问题
We use MongoDB to store time-series sensor data similar to the schema designed shown in https://www.mongodb.com/blog/post/schema-design-for-time-series-data-in-mongodb
We do get good performance on data queries through time periods. Explanation on the our schema design: "v" is the parent key of sensor readings, the time is converted into nested array using Minutes and Seconds. We use "m"(Minute) as sub-parent key, then "s"(Second) as sub-key of minute reading. The sensor readings are located at the "s" level with field1, field2, ...,field10 as the sensor data values.

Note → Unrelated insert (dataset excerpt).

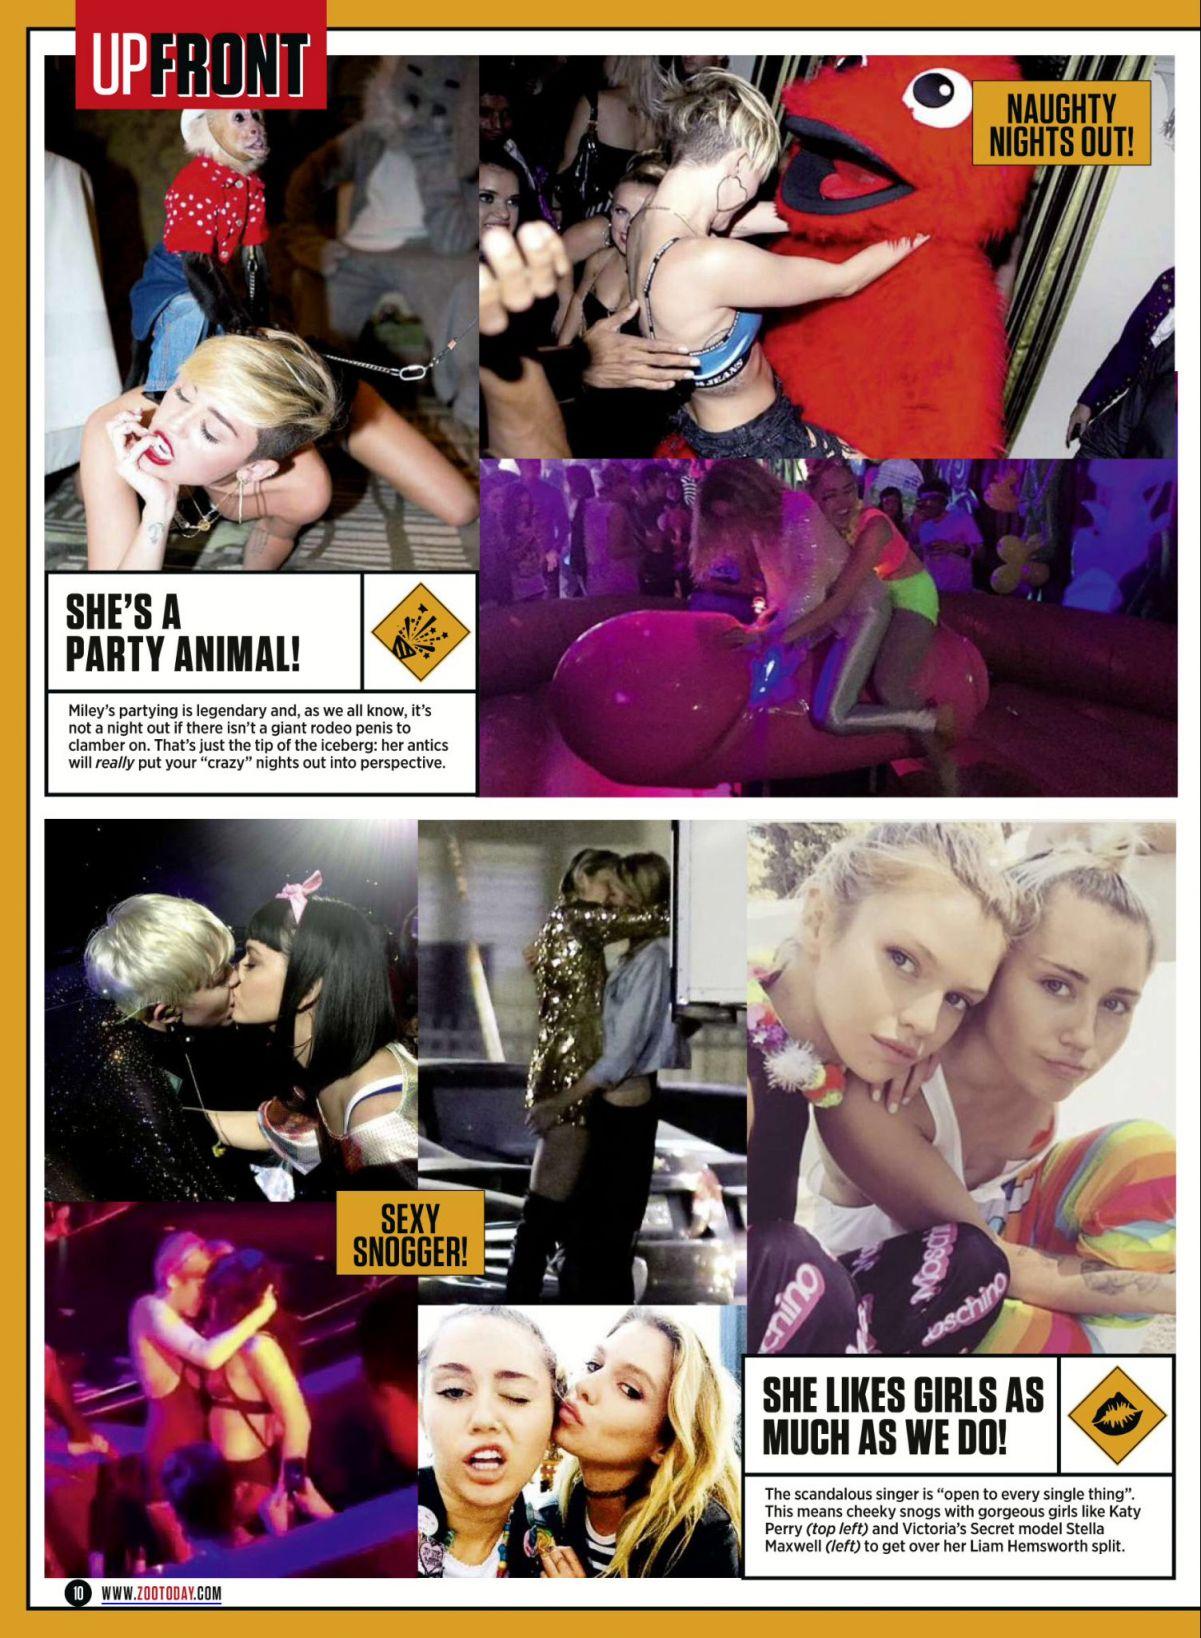 Sexy pics of Miley Cyrus Sexy

Now we are trying to implement some data analysis facilities and looking to query the data through sensor data reading values. Is there an efficient way of querying from data without using nested for loop in the query?
for example:
- Items that have sensor reading: "field1">2
- Items that have sensor reading: "field1">2 and "field3">5
Thanks a million.
The records look like the examples below.
{
"_id": ObjectId("5a5dd49f74bbaefd1ac89fc8"),
"c_id": "1017",
"c_id_s": NumberInt(1017),
"c_t": NumberInt(1516096800),
"type": "hour",
"v": {
"m1": {
"s54": {
"field1": 7.373158,
"entry_id": NumberInt(4635),
"field3": 0.19,
"field2": NumberInt(88)
}
},
"m31": {
"s54": {
"field1": 5.981918,
"entry_id": NumberInt(4637),
"field3": 0.04
},
"s55": {
"field2": NumberInt(89),
"entry_id": NumberInt(4639),
"field5": NumberInt(-67)
}
}
},
"entry_id": NumberInt(4639)
},
{
"_id": ObjectId("5a5dd1a174bbaefd1ac89fc1"),
"c_id": "1024",
"c_id_s": NumberInt(1024),
"c_t": NumberInt(1516096800),
"type": "hour",
"v": {
"m3": {
"s22": {
"field3": 210.479996,
"entry_id": NumberInt(30297)
},
"s23": {
"field1": 3.271534,
"entry_id": NumberInt(30300),
"field8": 7.1875,
"field2": NumberInt(94)
}
},
"m8": {
"s23": {
"field3": 150.639999,
"entry_id": NumberInt(30304),
"field1": 2.948425,
"field8": 7.125,
"field2": NumberInt(94)
}
},
"m13": {
"s23": {
"field3": 99.799995,
"entry_id": NumberInt(30308),
"field1": 2.849621,
"field8": 7.0625,
"field2": NumberInt(95)
}
},
"m18": {
"s23": {
"field3": 59.099998,
"entry_id": NumberInt(30312),
"field1": 2.681393,
"field8": 6.9375,
"field2": NumberInt(95)
}
},
"m19": {
"s8": {
"field5": NumberInt(-87),
"entry_id": NumberInt(30313)
}
}
},
"entry_id": NumberInt(30313)
}
回答1:
Map reduce allows you to process named keys but aggregation is the way to go for efficient queries.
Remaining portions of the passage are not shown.